The only two gotchas were:
- C++ handles the mod operator "%" differently than Lua for negative
numbers.
- C++ arrays start at 0, Lua arrays start at 1
2) Performance
Timings are in ms and are comparing the original Lua version with the new
Lua/C++ version.
Algo Rule Lua Lua/C++ Speedup
Moore 3D0..26/ 820 75 11x
Face 3D0..6/F 812 71 11x
Corner 3D0..8/C 916 78 12x
Edge 3D0..12/E 1178 84 14x
Hexahedral 3D0..12/H 1155 83 14x
BB phase 1 BB 3646 138 27x
BB phase 6 BB 4239 138 31x
The experiment gave an 11x to 14x speed improvement for the
standard neighborhood rules.
BusyBoxes was 27x to 31x faster depending on which of the 6 phases
was being calculated.
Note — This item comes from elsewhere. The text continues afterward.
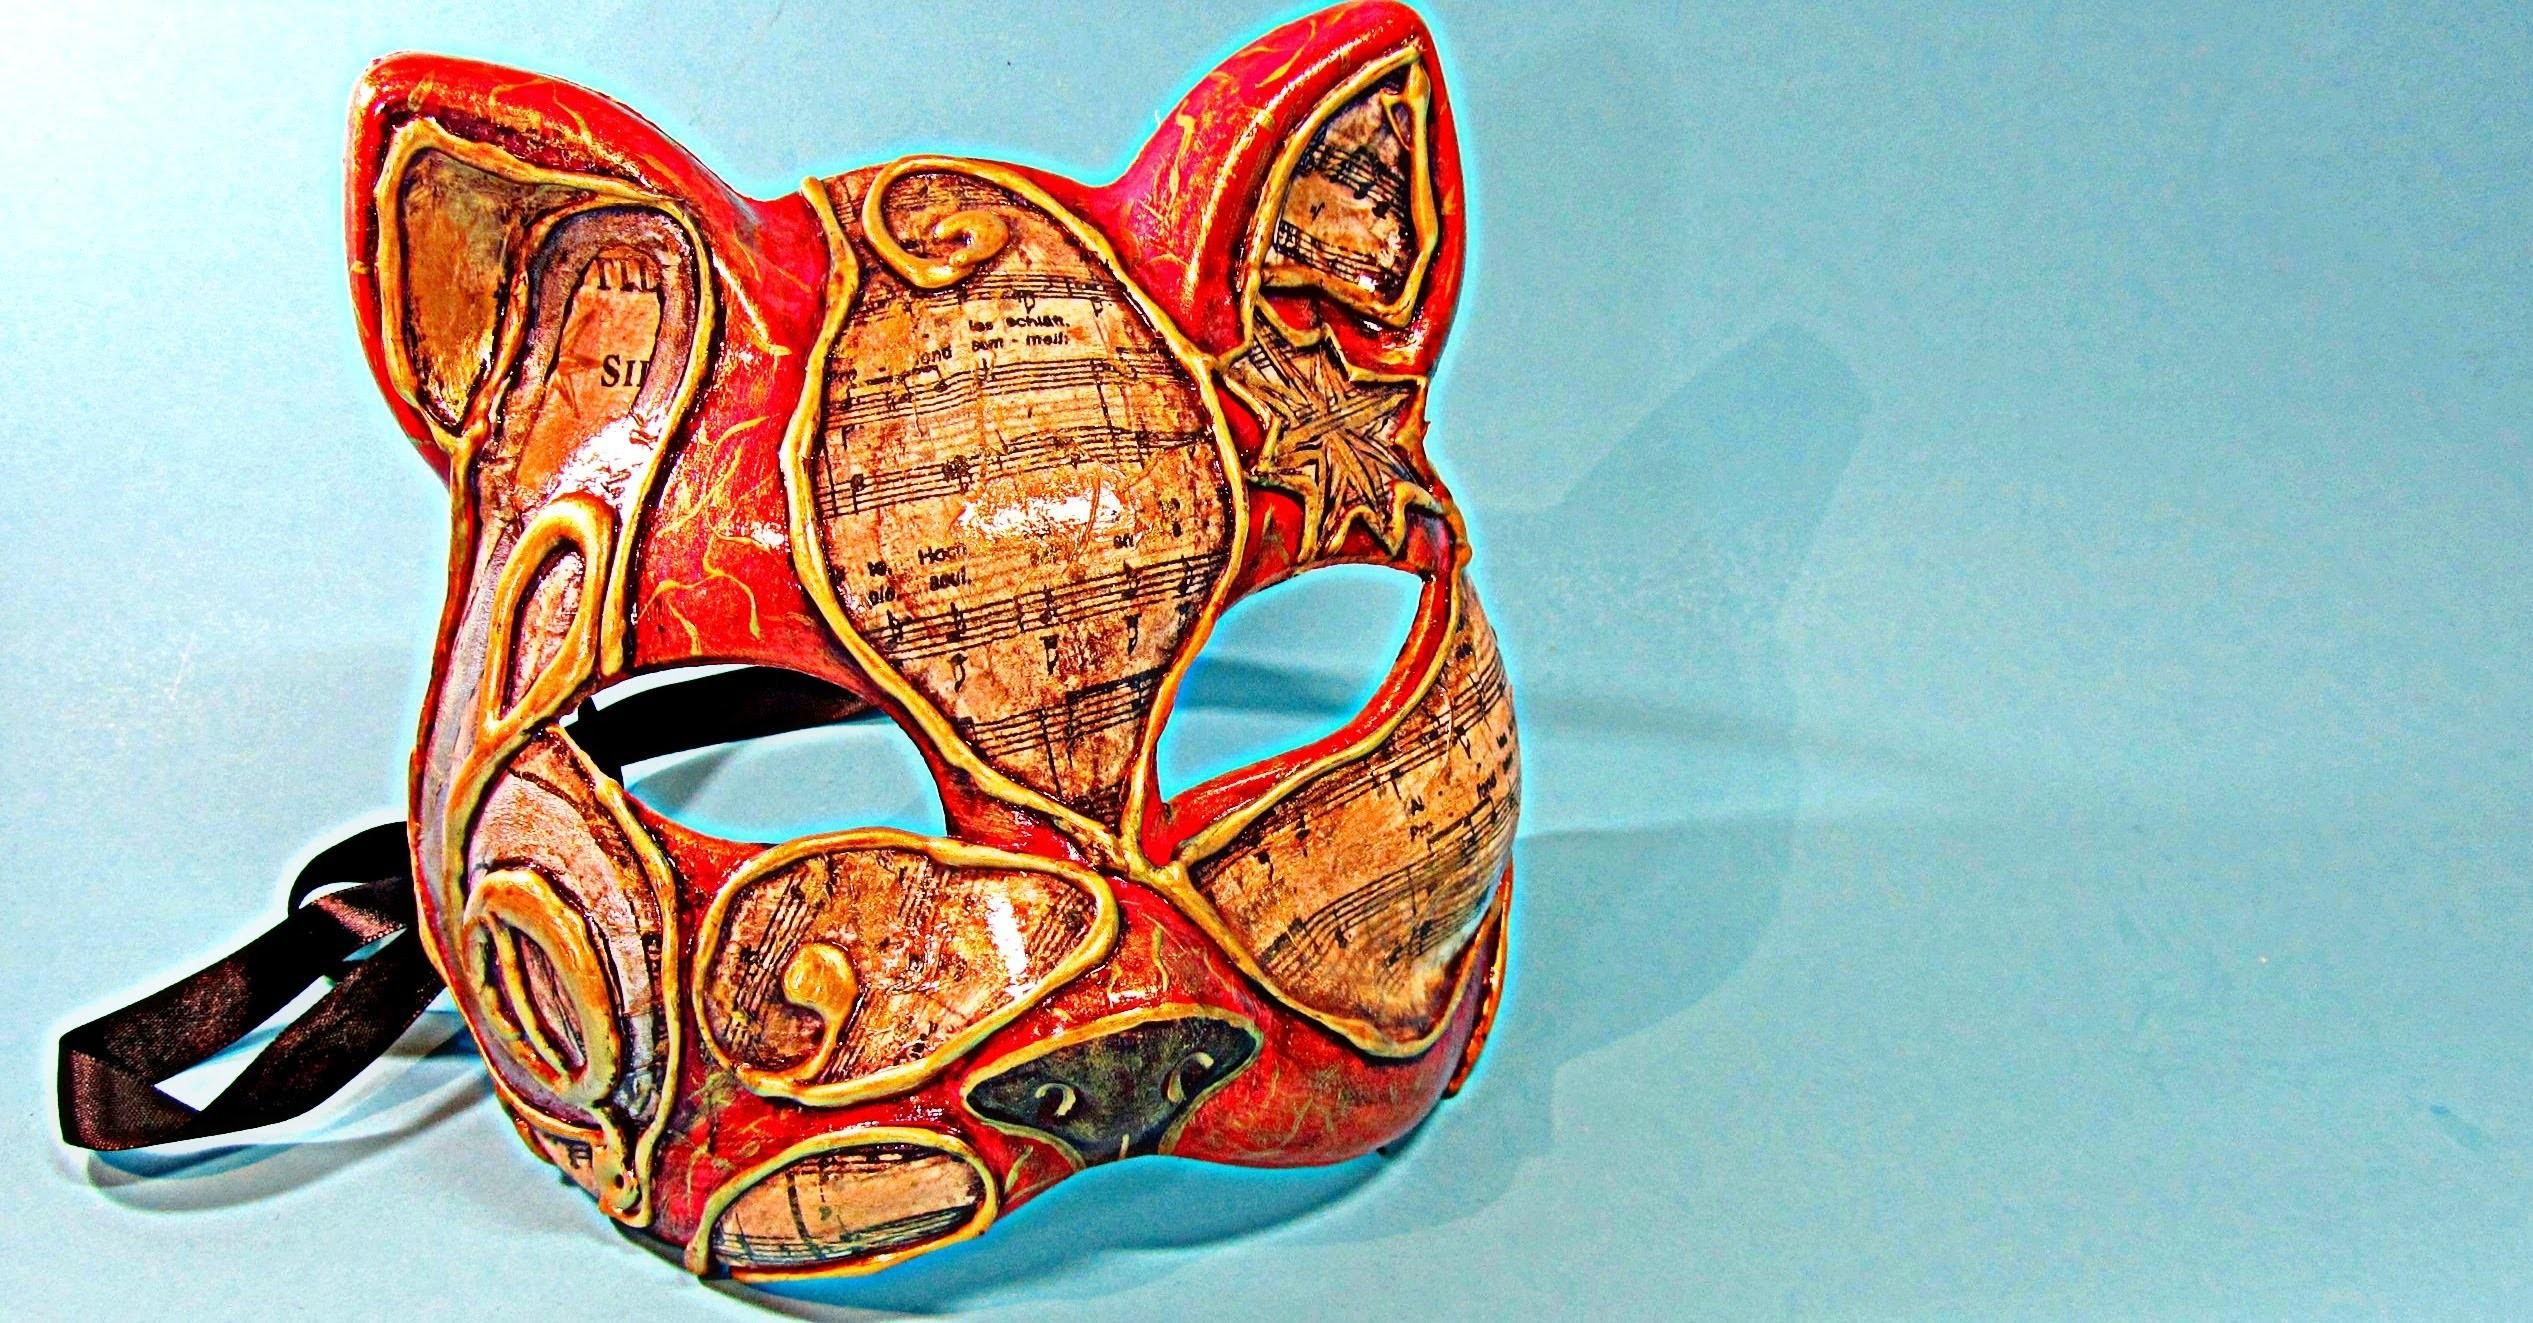 Máscara veneciana. Venetian mask.

I picked the slowest phase and the fastest phase
for the results.
Conclusion:
For the case examined the effort was definitely worth the result.
An expensive, standalone function, was translated.
The impact on 3D.lua was minimal and the performance improvement
significant.
Files available at:
http://lazyslug.no-ip.biz/lifeview/golly/Golly3D.zip
Golly.exe
- Windows 64bit executable with the new ovtable commands
3D.lua
- Modified 3D.lua which replaces the NextGen* functions with ovtable calls.
wxoverlay.cpp
wxoverlay.h
- The source code for the overlay/ovtable functions in case you wish to do
your own build.
- Should replace the ones in the gui-wx/ folder.
- No changes are required to the build files.
I'd be very interested in any feedback.
Is this path worth continuing?
Should this be added to Golly?
Should we write a native 3D algo in Golly?
Chris
|